July 15th, 2005

The apocryphal history of file system tunnelling

One of the file system features you may find yourself surprised by is tunneling, wherein the creation timestamp and short/long names of a file are taken from a file that existed in the directory previously. In other words, if you delete some file “File with long name.txt” and then create a new file with the same name, that new file will have the same short name and the same creation time as the original file. You can read this KB article for details on what operations are sensitive to tunnelling.

Why does tunneling exist at all?

When you use a program to edit an existing file, then save it, you expect the original creation timestamp to be preserved, since you’re editing a file, not creating a new one. But internally, many programs save a file by performing a combination of save, delete, and rename operations (such as the ones listed in the linked article), and without tunneling, the creation time of the file would seem to change even though from the end user’s point of view, no file got created.

As another example of the importance of tunneling, consider that file “File with long name.txt”, whose short name is say “FILEWI~1.TXT”. You load this file into a program that is not long-filename-aware and save it. It deletes the old “FILEWI~1.TXT” and creates a new one with the same name. Without tunnelling, the associated long name of the file would be lost. Instead of a friendly long name, the file name got corrupted into this thing with squiggly marks. Not good.

But where did the name “tunneling” come from?

From quantum mechanics.

Consider the following analogy: You have two holes in the ground, and a particle is in the first hole (A) and doesn’t have enough energy to get out. It only has enough energy to get as high as the dotted line.

         
  A   B  

You get distracted for a little while, maybe watch the Super Bowl halftime show, and when you come back, the particle somehow is now in hole B. This is impossible in classical mechanics, but thanks to the wacky world of quantum mechanics, it is not only possible, but actually happens. The phenomenon is known as tunneling, because it’s as if the particle “dug a tunnel” between the two holes, thereby allowing it to get from one hole to another without ever going above the dotted line.
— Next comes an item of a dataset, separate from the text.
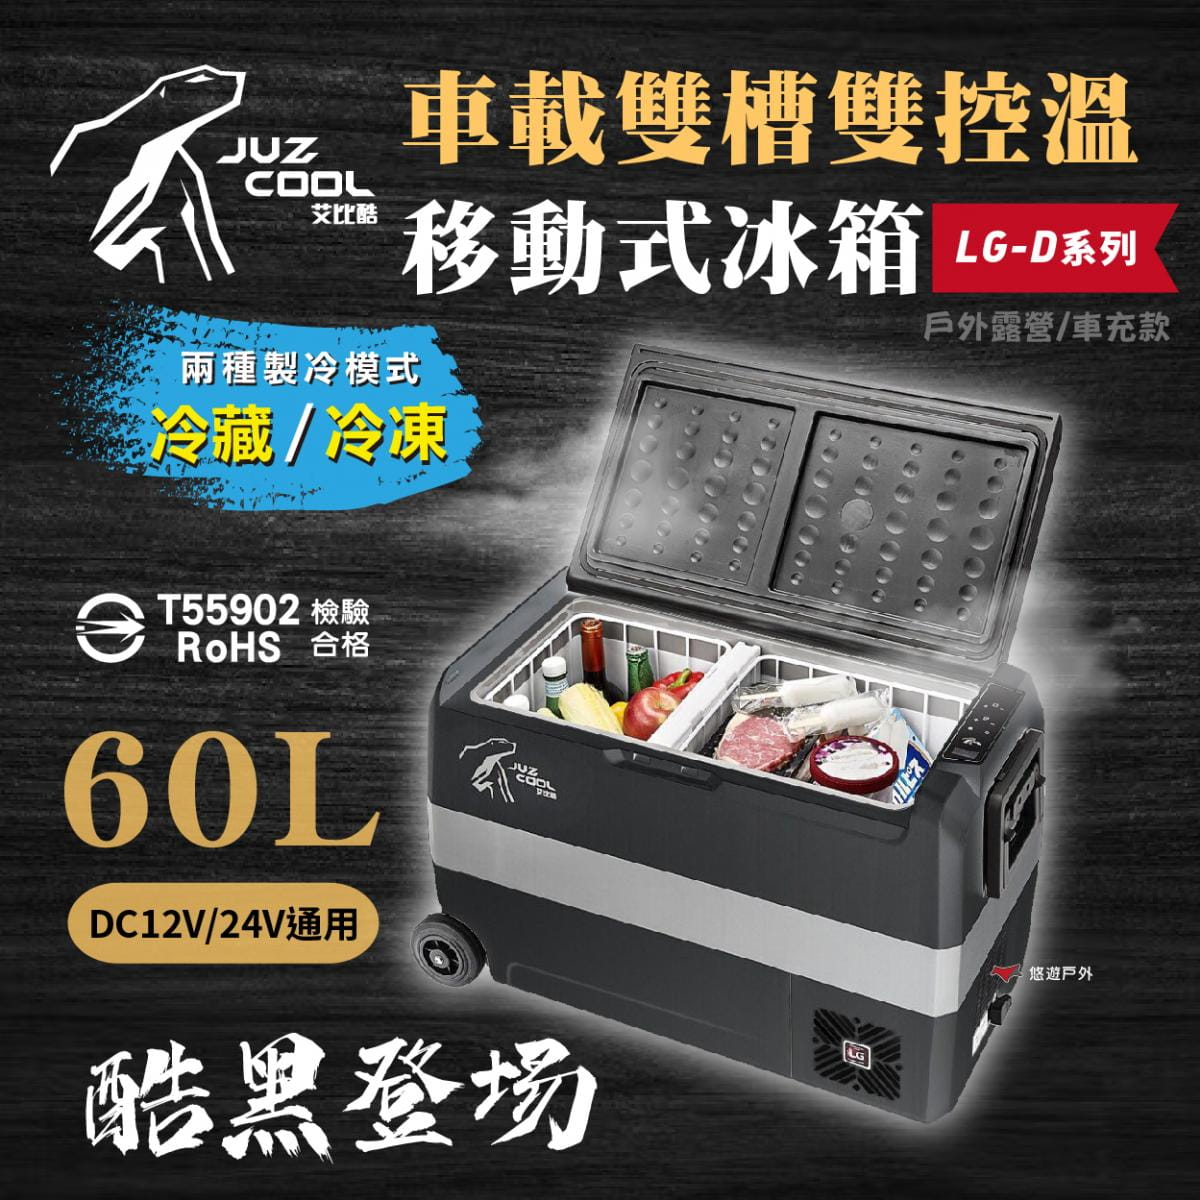 【艾比酷】雙槽雙溫控車用冰箱LG-D60 (悠遊戶外) 1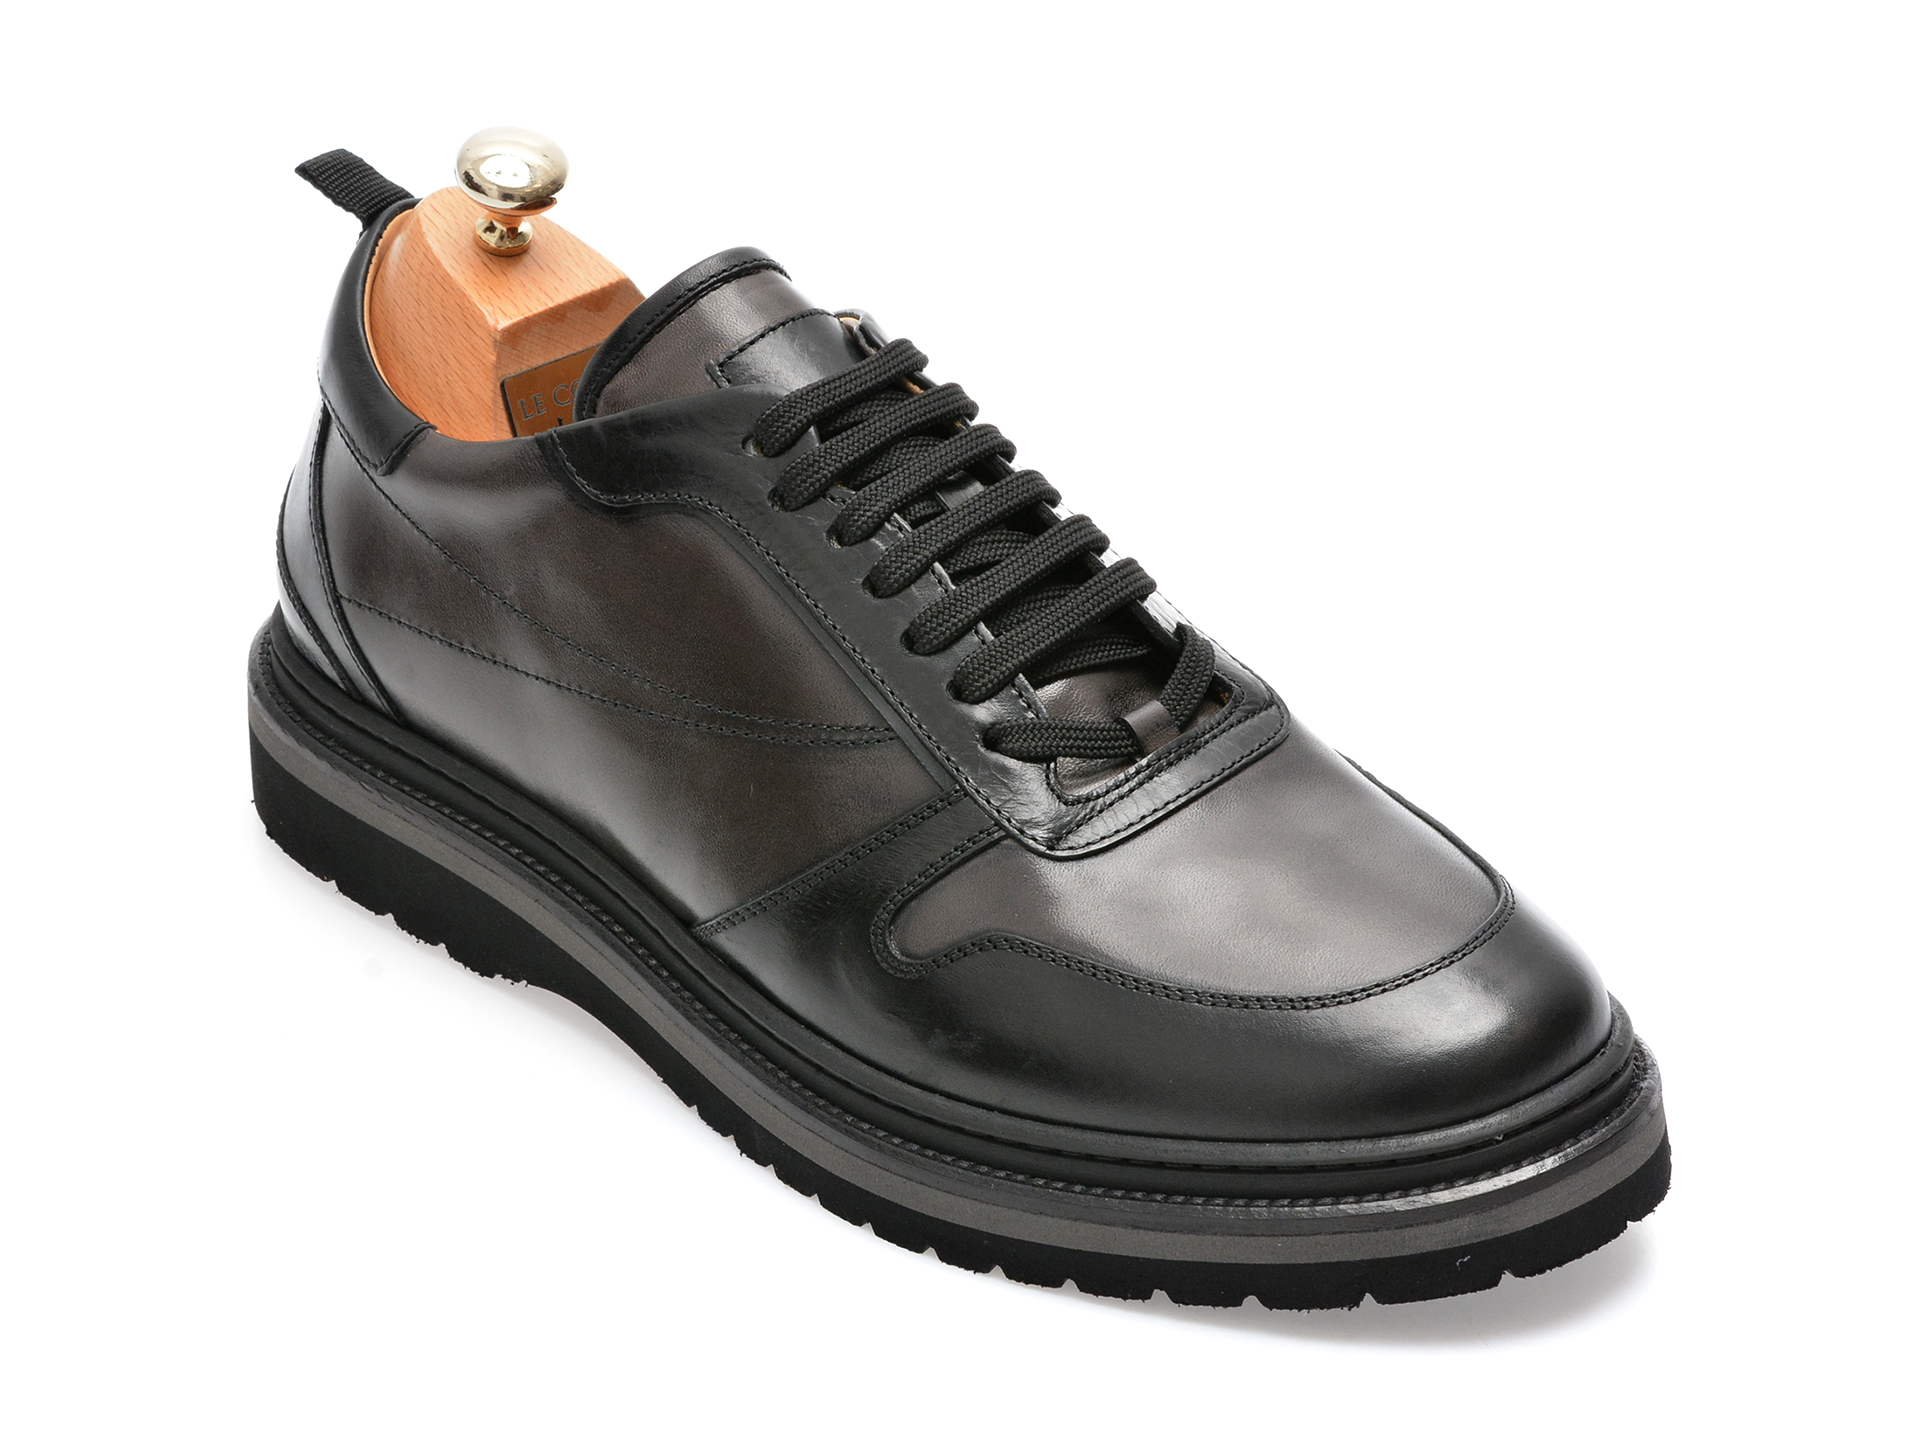 Pantofi LE COLONEL negri, 64804, din piele naturala barbati 2023-03-21

In the case of file system tunneling, it is information that appears to violate the laws of classical mechanics. The information was destroyed (by deleting or renaming the file), yet somehow managed to reconstruct itself on the other side of a temporal barrier.

The developer who was responsible for implementing tunneling on Windows 95 got kind of carried away with the quantum mechanics analogy: The fragments of information about recently-deleted or recently-renamed files are kept in data structures called “quarks”.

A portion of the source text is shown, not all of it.